What will happen if you don’t dissolute your business formally?
There is a proper procedure which needs to be followed to officially profligate your business otherwise you will be in some serious trouble. You will be subjected to taxes and interest from the concerned authorities of the state and failure to do so will lead to heavy fines and penalties.
Legal procedure
Following are some typical actions that need to be followed for corporate dissolution at state level once you have made your decision:
Approval of all stakeholders
For corporate dissolution, approval of all the major stake holders of the corporation is really important. After gaining vote of confidence you can move on to the next step. If you have employees, you need to address their concerns as well.

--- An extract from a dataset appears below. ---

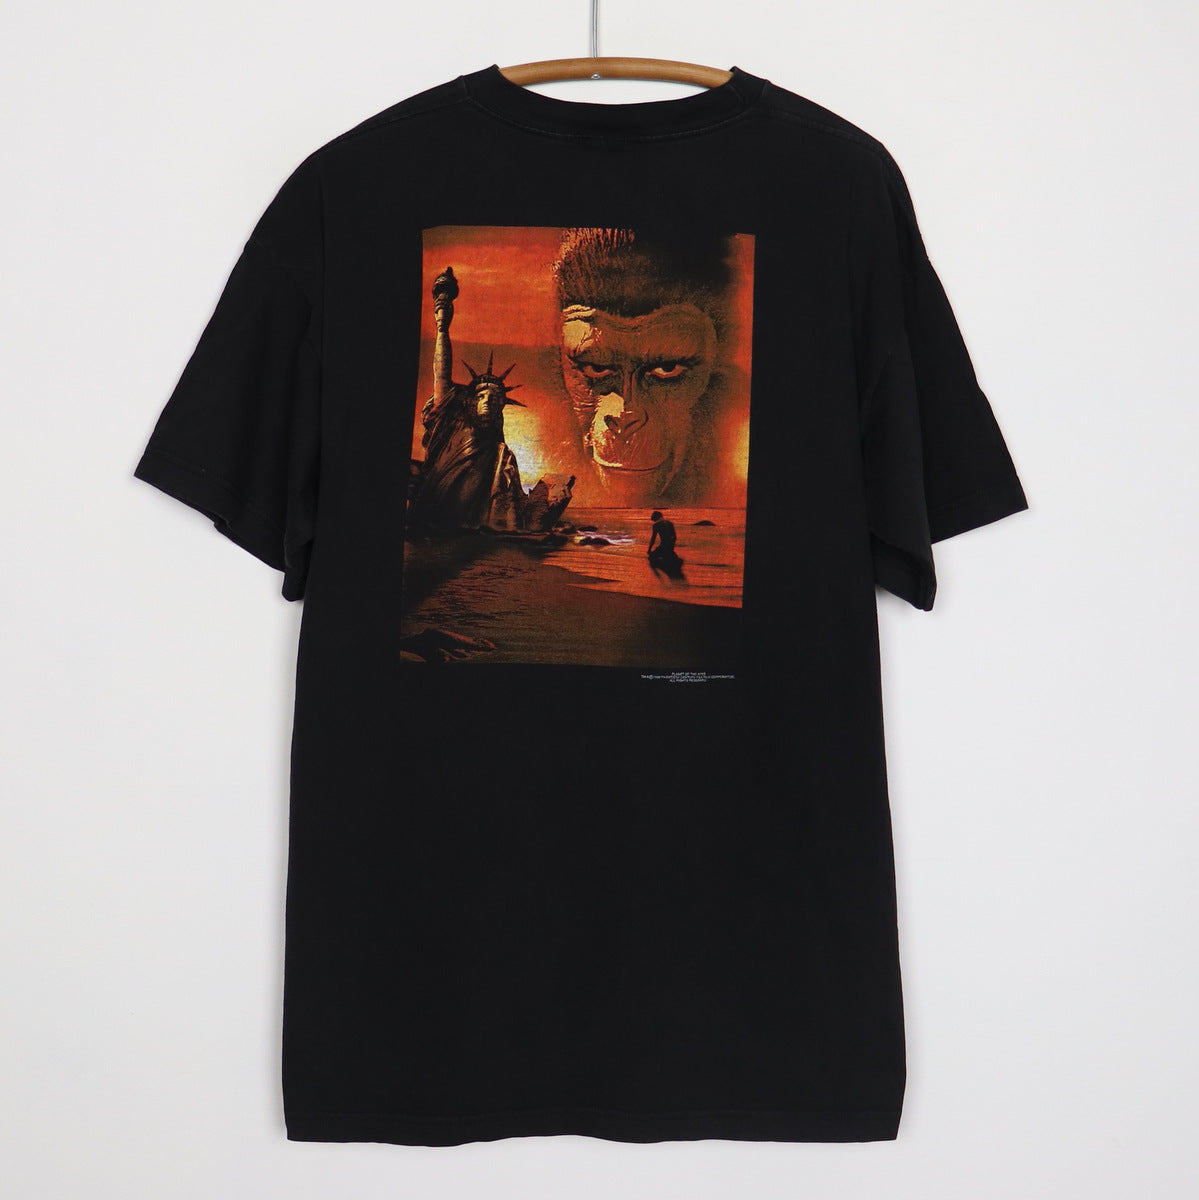 1998 Planet Of The Apes Movie Promo Shirt
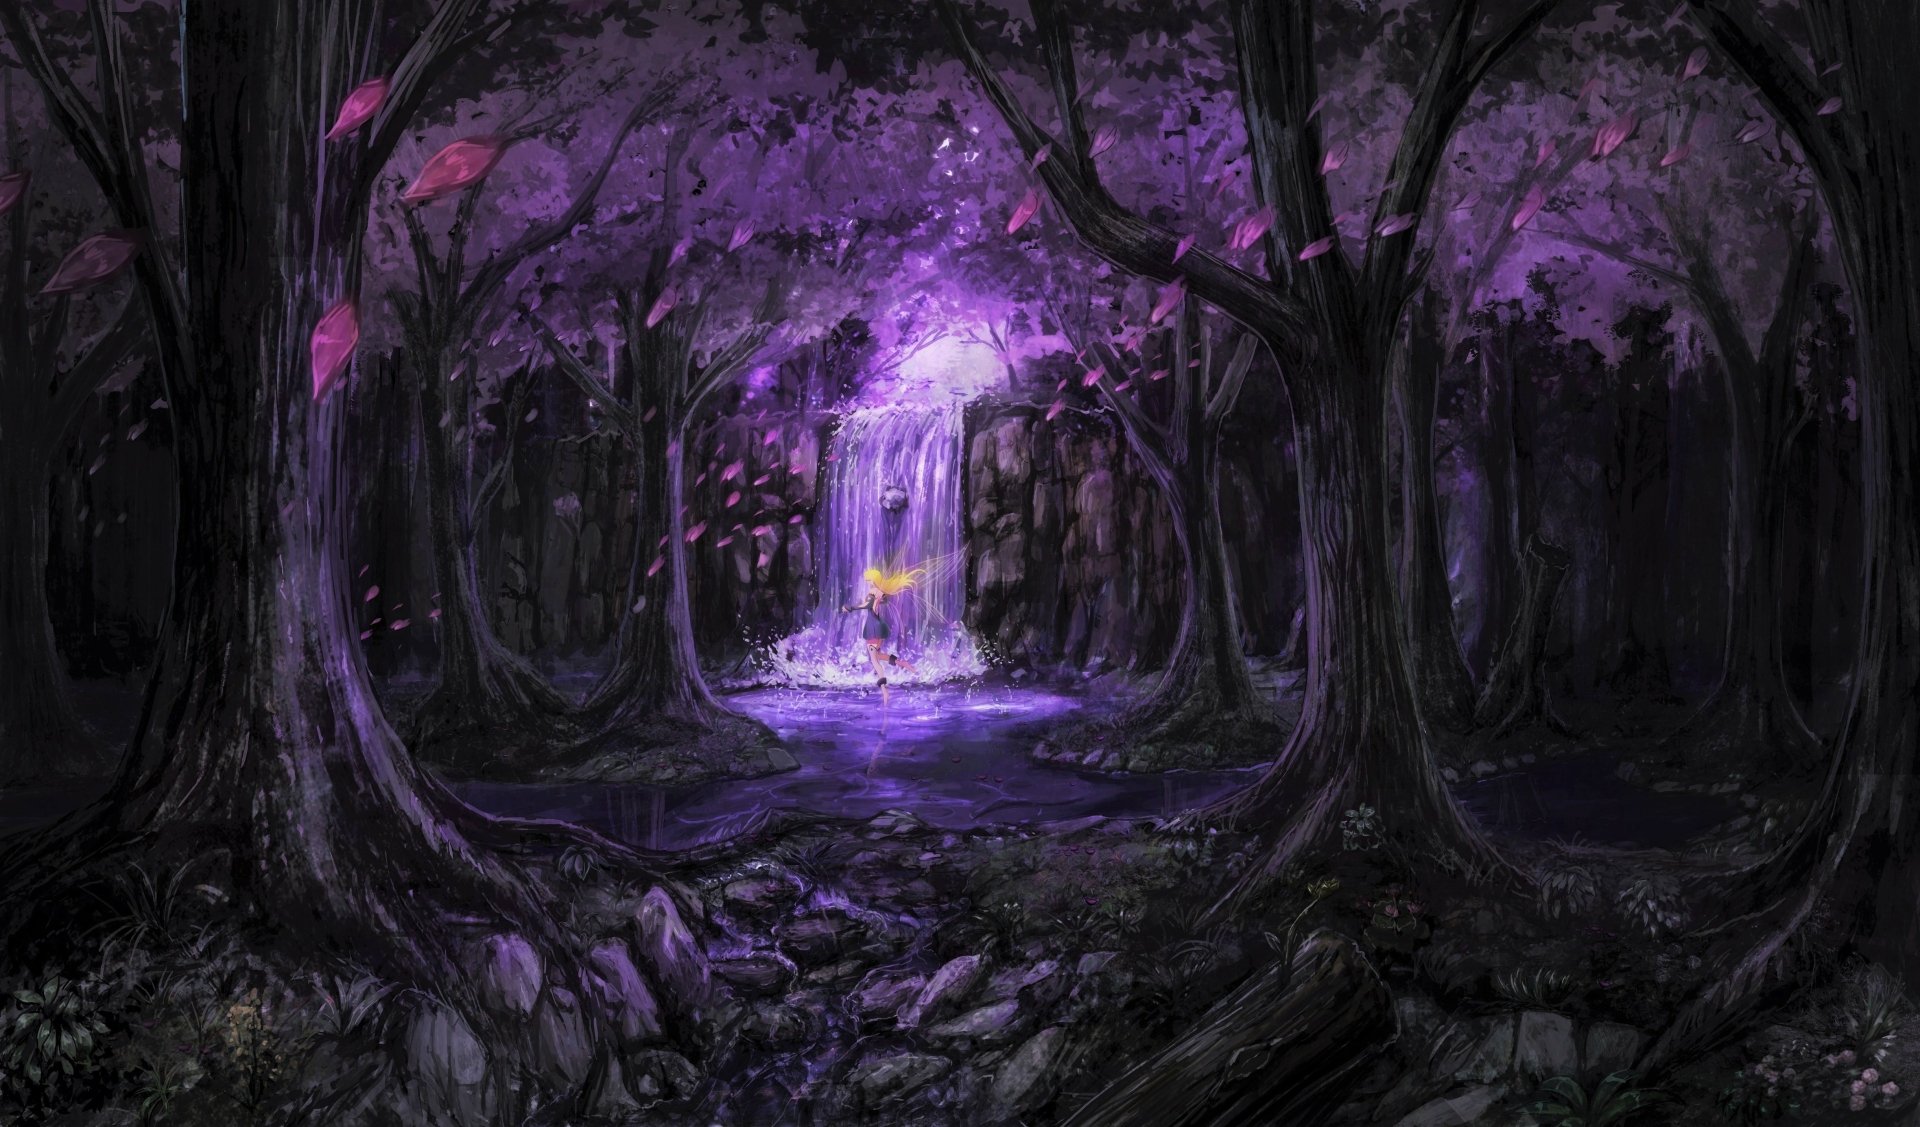 4881x2865 Fairy in Purple Fantasy Forest by そよ風 Wallpaper Background Image....

Submit an application in concerned department
You must inform the concerned authorities in the year you want to end your business .The process for filing the Certificate of Dissolution is different in each state. Some states require filing documents before notifying creditors and resolving claims; others require filing after that process, so you need to follow the criteria set by your state for business dissolution. If your firm has legal presence in other states, applications must be submitted in the concerned departments of those states as well.
Required documents:
You need to produce a tax clearance certificate of your company before filing an application for dissolution so any back-taxes must be cleared beforehand. Final wage and withholding information must be issued to the employees. You also need to submit final capital’s profit and loss report, the division of shares of the stakeholders/partners, pension/benefit plan of employees, final tip income and allocated tips information return along with final state tax deposits. You also need to produce payment information to sub-contractors and final state tax deposits. After submitting all these documents, your application will be submitted and state will follow its legal procedure.
Your corporation will be formally withdrawn on the date your application is approved by the state. The date of dissolution is generally the date your application is signed by the state’s attorney.
Signing of dissolution certificate
The certificate of dissolution must be filed by the attorney, director or any other legally authorized officer. The name and designation of the signing authority must be clearly mentioned on it.
You can get additional help from legally registered agents online or from the secretary of state’s office.